Quels sont les principaux enjeux RH dans le secteur de l’hôtellerie ?
L’hôtellerie est un métier de passion qui a de nombreuses opportunités à offrir en matière de développement de carrière, de mobilité, etc. Malheureusement, comme beaucoup de secteurs, l’hôtellerie a souffert après la crise sanitaire d’une pénurie de talents, certes moins marquée qu’ailleurs, qui a impacté nos activités.
Selon moi, le premier enjeu RH pour l’hôtellerie est de faire preuve de créativité pour aller chercher les candidats. Pour cela, il faudra communiquer sur le fait qu’il s’agit d’un secteur accessible à tous : peu importe l’école d’où l’on vient (ou non d’ailleurs), si la passion du service est là, il y a une place dans nos entreprises.
De fait, nous devons aussi réfléchir à comment l’industrie peut s’ouvrir à d’autres voies pour recruter en élargissant les « cibles » de recrutement.

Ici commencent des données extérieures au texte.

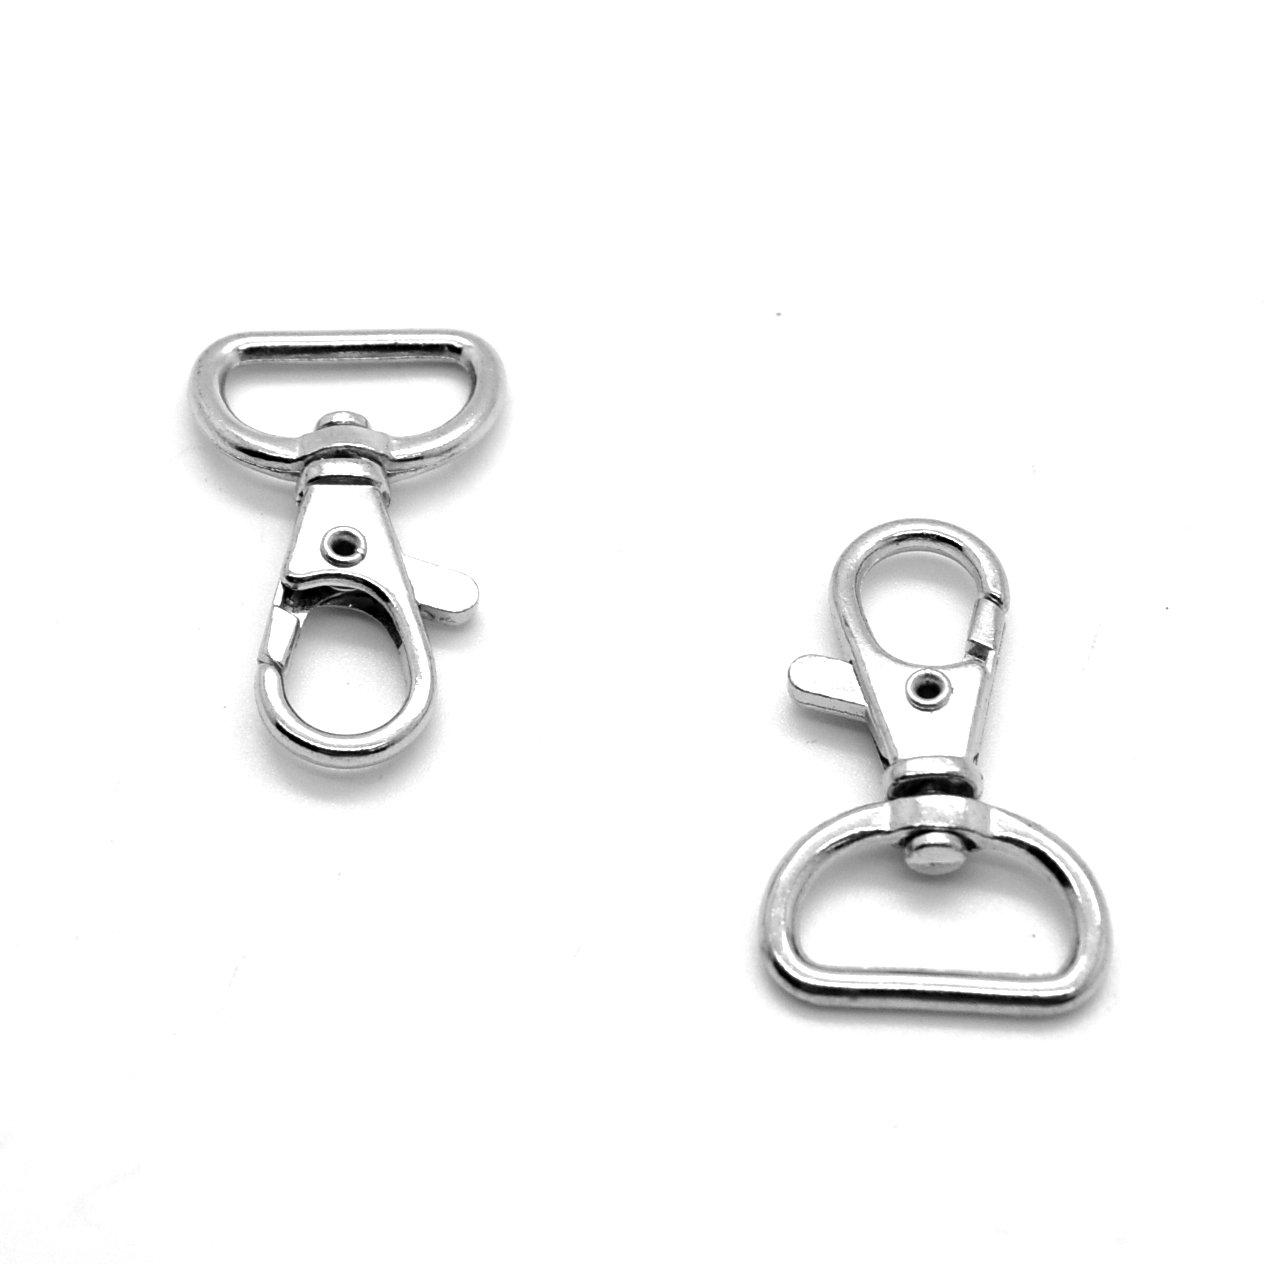 20mm Metal Bag Swivel Trigger Clips Snap Hook Dog Lead Webbing Strap Tape (1) Sola

Je pense notamment aux seniors, réfugiés, candidats en reconversion… Différentes populations qui constituent de véritables viviers de recrutement, mais qui, à ce jour, ne sont pas suffisamment exploitées. Et ce, alors même qu’il s’agit de potentiels collaborateurs qui seront à la fois très impliqués dans leur travail et très engagés auprès de l’entreprise.
Les canaux de recrutement évoluent. Poster une offre d’emploi ne suffit plus. Il faut désormais sourcer autrement, faire du marketing RH, établir de nouveaux partenariats, etc. Comme je le disais, il est donc essentiel d’apprendre à se détacher des circuits classiques et d’adapter nos postures RH aux nouvelles réalités.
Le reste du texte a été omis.